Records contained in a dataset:
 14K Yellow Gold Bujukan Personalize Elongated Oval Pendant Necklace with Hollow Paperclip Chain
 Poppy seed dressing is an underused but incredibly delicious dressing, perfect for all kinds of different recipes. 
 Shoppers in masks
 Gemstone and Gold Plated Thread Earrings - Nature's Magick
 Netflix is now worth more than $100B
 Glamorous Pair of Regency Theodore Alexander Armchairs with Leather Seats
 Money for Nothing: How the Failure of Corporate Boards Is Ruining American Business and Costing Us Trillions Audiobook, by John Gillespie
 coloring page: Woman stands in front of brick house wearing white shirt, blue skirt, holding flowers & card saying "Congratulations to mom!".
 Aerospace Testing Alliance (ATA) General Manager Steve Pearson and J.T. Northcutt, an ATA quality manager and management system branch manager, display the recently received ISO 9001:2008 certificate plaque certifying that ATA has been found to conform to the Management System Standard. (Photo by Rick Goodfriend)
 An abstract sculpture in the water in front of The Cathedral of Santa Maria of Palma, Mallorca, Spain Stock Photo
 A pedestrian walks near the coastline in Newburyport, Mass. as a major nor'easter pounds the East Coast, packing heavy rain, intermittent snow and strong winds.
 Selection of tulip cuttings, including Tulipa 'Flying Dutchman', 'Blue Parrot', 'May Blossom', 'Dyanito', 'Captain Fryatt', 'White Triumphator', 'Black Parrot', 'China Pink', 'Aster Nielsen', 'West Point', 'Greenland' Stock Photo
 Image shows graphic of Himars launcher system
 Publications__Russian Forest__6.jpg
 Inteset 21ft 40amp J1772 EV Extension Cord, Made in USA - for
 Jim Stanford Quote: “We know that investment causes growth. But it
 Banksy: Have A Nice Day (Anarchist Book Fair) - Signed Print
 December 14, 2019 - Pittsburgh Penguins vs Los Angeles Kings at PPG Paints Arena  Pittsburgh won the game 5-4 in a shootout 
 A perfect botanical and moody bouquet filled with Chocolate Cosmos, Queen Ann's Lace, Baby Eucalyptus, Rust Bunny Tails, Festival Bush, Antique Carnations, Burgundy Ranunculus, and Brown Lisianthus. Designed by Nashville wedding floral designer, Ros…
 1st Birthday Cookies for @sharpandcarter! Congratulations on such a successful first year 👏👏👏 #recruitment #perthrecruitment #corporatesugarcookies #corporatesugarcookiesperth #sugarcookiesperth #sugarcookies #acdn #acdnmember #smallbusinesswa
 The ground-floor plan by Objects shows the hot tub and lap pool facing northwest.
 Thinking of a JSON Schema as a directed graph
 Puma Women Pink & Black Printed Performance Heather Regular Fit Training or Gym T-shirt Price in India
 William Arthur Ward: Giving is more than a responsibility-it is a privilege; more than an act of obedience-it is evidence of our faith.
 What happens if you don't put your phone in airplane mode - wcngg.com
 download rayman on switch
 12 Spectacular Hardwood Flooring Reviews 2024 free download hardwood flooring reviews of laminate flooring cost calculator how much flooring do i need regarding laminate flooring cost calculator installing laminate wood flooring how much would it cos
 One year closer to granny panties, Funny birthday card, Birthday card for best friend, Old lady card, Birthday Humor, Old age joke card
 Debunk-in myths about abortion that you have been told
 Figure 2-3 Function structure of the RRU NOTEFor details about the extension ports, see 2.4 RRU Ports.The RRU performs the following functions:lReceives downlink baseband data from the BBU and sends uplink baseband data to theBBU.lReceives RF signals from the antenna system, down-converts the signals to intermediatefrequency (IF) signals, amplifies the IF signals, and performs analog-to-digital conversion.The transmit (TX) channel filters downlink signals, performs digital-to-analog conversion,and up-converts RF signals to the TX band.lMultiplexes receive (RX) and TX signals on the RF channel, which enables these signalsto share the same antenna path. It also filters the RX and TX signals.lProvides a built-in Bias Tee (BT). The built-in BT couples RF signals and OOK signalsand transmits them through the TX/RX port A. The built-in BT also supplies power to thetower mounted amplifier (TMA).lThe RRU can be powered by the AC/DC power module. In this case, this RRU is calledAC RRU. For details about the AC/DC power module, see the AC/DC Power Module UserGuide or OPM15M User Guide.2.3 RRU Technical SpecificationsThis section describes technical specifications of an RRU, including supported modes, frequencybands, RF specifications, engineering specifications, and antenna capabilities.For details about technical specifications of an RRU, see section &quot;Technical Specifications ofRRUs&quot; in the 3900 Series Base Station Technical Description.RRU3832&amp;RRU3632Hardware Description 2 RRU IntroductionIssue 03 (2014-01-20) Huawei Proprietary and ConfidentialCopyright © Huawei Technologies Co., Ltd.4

WHAT IS EXPECTED:
Could you return exactly the stretch of the data above that starts at the line with "Glamorous Pair of" and ends at the line with "coloring page: Woman", both lines included?

WRITTEN RESPONSE:
 Glamorous Pair of Regency Theodore Alexander Armchairs with Leather Seats
 Money for Nothing: How the Failure of Corporate Boards Is Ruining American Business and Costing Us Trillions Audiobook, by John Gillespie
 coloring page: Woman stands in front of brick house wearing white shirt, blue skirt, holding flowers & card saying "Congratulations to mom!".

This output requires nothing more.